There are several approaches to solving the second problem. One is to do a caseless, accentless comparison. It looks like SQLLite and MySQL both support these. Extra columns or tables (for caseless, accentless copies of the search data) may be needed to improve performance. For some discussion on the topic see: https://www.unicode.org/versions/Unicode14.0.0/ch05.pdf
There are several approaches to solving the second problem. One is to do a caseless, accentless comparison. It looks like SQLLite and MySQL both support these. Extra columns or tables (for caseless, accentless copies of the search data) may be needed to improve performance. For some discussion on the topic see: https://www.unicode.org/versions/Unicode14.0.0/ch05.pdf
[[Category:Development]]

Revision as of 21:06, 19 March 2022

This page highlights some of the Unicode Issues beyond simply enabling your addon or Kodi runtime for basic Unicode support. Here are a few:

  • The good news is that for the bulk of your work, it is fairly simple to read and display translated messages. The basic plumbing is in place.
  • Side effects of Kodi issue 19883: Turkish locale set via LANG / LC_CTYPE / LC_ALL or by SetGlobalLocale breaks skin loading on any Linux. (github.com/xbmc/xbmc/issues/19883)
  • Handling text from multiple locales (i.e complications with foreign movies or actors)
  • How to handle internal programming keywords along with other text
  • Quirks of some languages
  • Searching multilingual text
  • Unicode file names
  • Unicode in XML
  • Unicode file names in a zip file
  • Json or XML processing of Unicode with keywords
  • Lower/Upper case does not take you very far
  • String length != number of Unicode 'letters'
  • The same character (both visually and logically) can sometimes be represented by more than one sequence of Unicode 'letters'
  • Minimal support in Python and C++
  • Other Unicode libs exist, but non-trivial to use

A good source of information can be found at: Unicode.org. This same organization provides a good (but not the easiest to learn) and free library that performs advanced Unicode processing.

Details:

Side effects of Kodi issue 19883

Kodi was unusable with Locale = tr_TR (Turkish). A quick fix was made, but it has some undesirable side-effects on the Python addons:

  • The default locale cannot be read, making it impossible to determine the country code ('US')
  • The encoding for filenames is ASCII instead of UTF-8. Trying to open a file with a non-ASCII name throws exceptions. You have to explicitly encode the filename (ex: io.open(self.path.encode('utf-8'))).

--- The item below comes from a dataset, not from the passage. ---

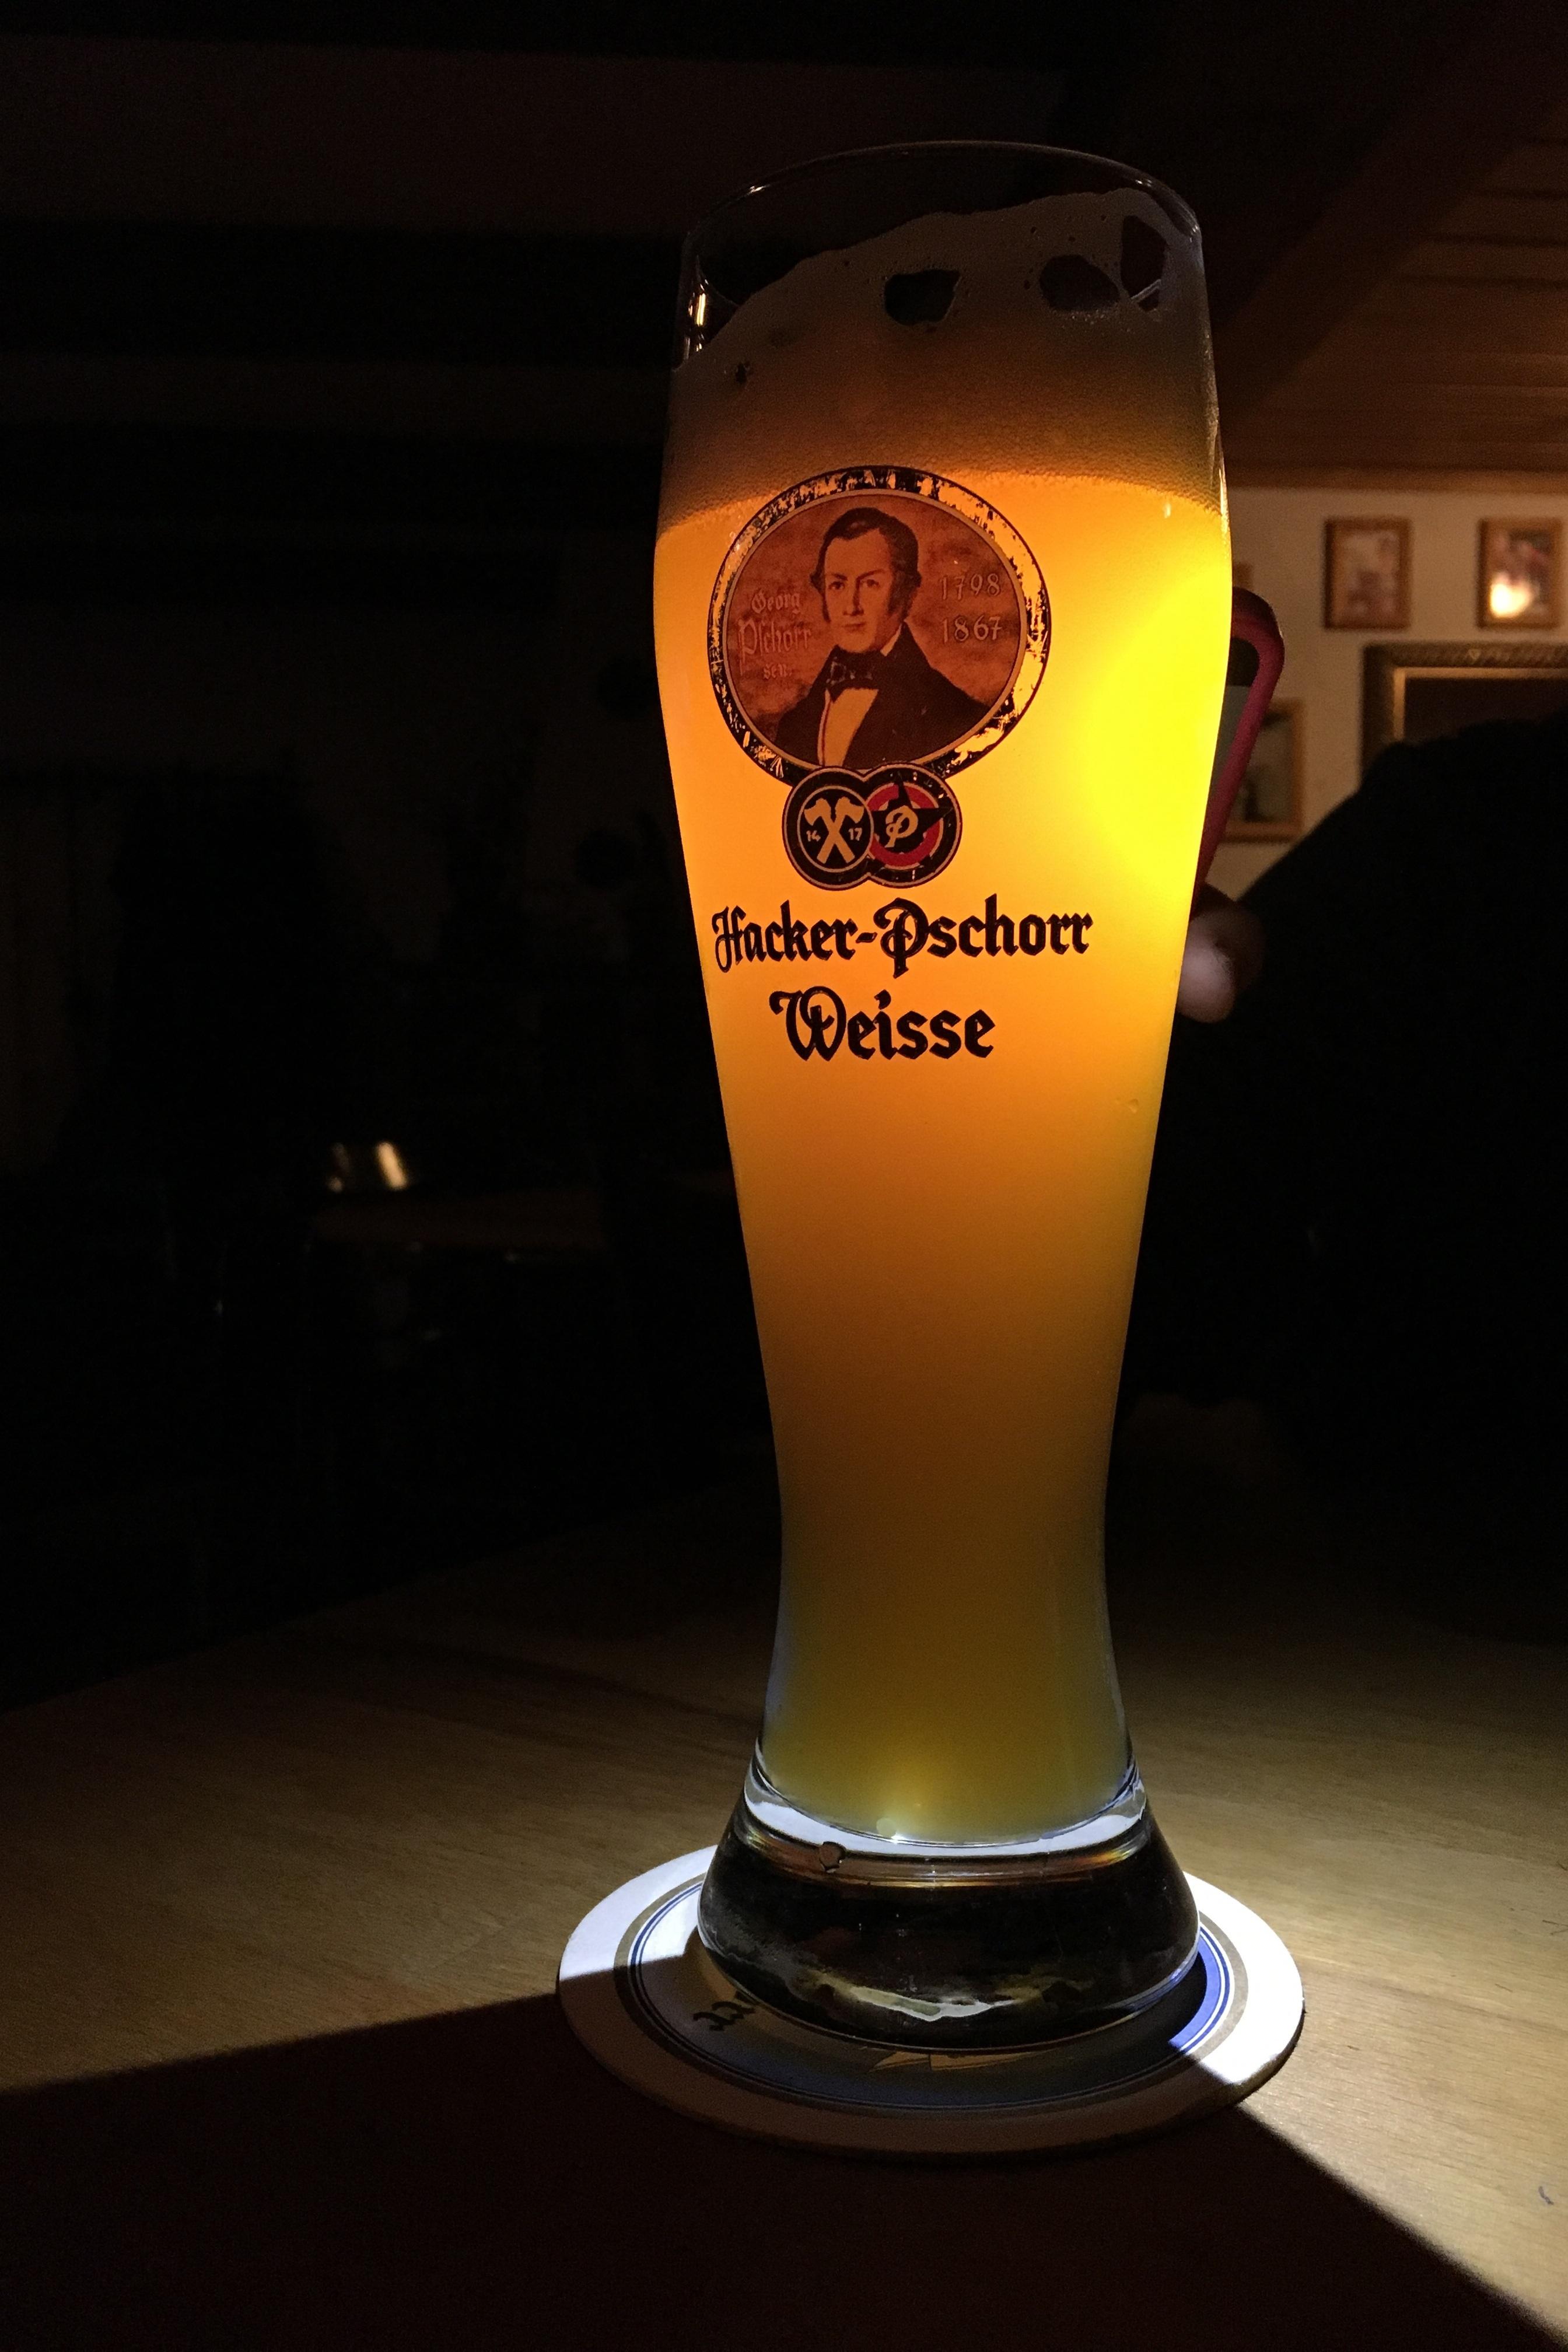 bebendo cerveja no iphone

On closer inspection, the Kodi C++ application has multiple problems: As is common with many programs, keywords are caseless and the code normalized all keywords to lower case. However, there are multiple problems with this:

  • ToLower works with most, but not all locales/character sets since in almost all languages ToUpper(ToLower(char)) == char. However Turkish (and others) have several characters that do not obey this rule. In addition, several of these characters are in common with English. The letter 'i' is one of the characters.
  • Kodi uses the same locale for processing external text as well as internal keywords. This caused any keyword containing an 'I' to be unrecognized because ToLower would change the 'I' to a Turkish, 'dotless lower case i'

In addition, ToLower and ToUpper modifies the passed string in-place. However, there is no guarantee in Unicode that the number of bytes, or Unicode characters will be the same. This means that junk can be left at the end of the string array, or memory could be clobbered at the end of the array.

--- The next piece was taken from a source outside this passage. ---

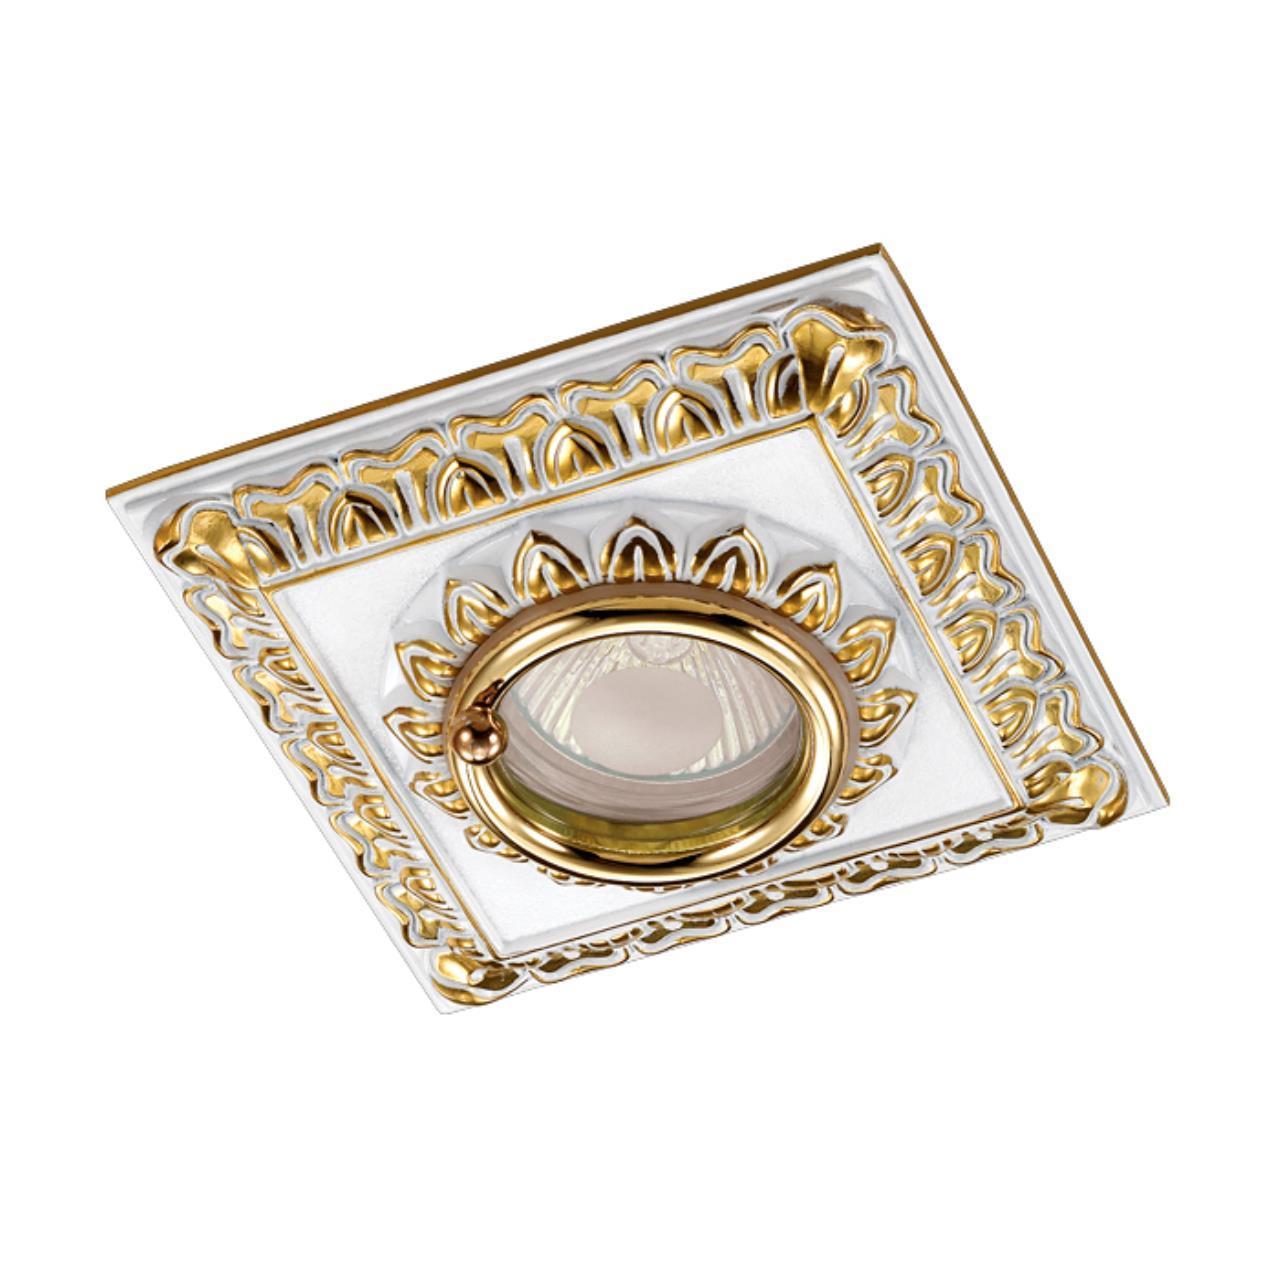 370047 SPOT NT15 139 белый/золото Встраиваемый светильник IP44 GX5.3 50W 12V DAISY

The proper solution is to create methods which handle the different ways that characters are used. Instead of using in-line calls to toLower, etc. you need methods which:

  • Creates a setting keyword from a string
    • Frequently keywords are looked up in a 'caseless' manner. But with the possibility of text being in any language things get more complicated.
    • One approach is to restrict the keyword characters in some way and then to use a specific locale just when handling the keywords. You run into trouble if you process some English characters using Turkish locale (the infamous 'i' problem).
    • Another approach is to "case fold" the characters. In simplistic terms the string is stripped of all accents, etc. and made lower-case. It is not meant for human consumption but generally works well for matching keywords. It has the advantage of being locale agnostic.
  • Creates a filename from a string
    • Some Operating Systems (Windows) internally identify the files with a caseless filename. Generally you want to compare filenames in a caseless manner (not sure if it should be done in a folded manner or not).
  • Compares strings to see if string matches one of a list of keywords. You may need different methods for different keyword types
  • Search and sort methods customized for the purpose and volume of searching

In C++ you have to worry about allocating and freeing memory for toLower, normalized, caseless or other forms of the original strings. More correctly, they are transformations on the string which can change the number of bytes that the strings take up, requiring a copy. Your method signatures frequently need to pass a pointer to this temporary string around until it is finally freed.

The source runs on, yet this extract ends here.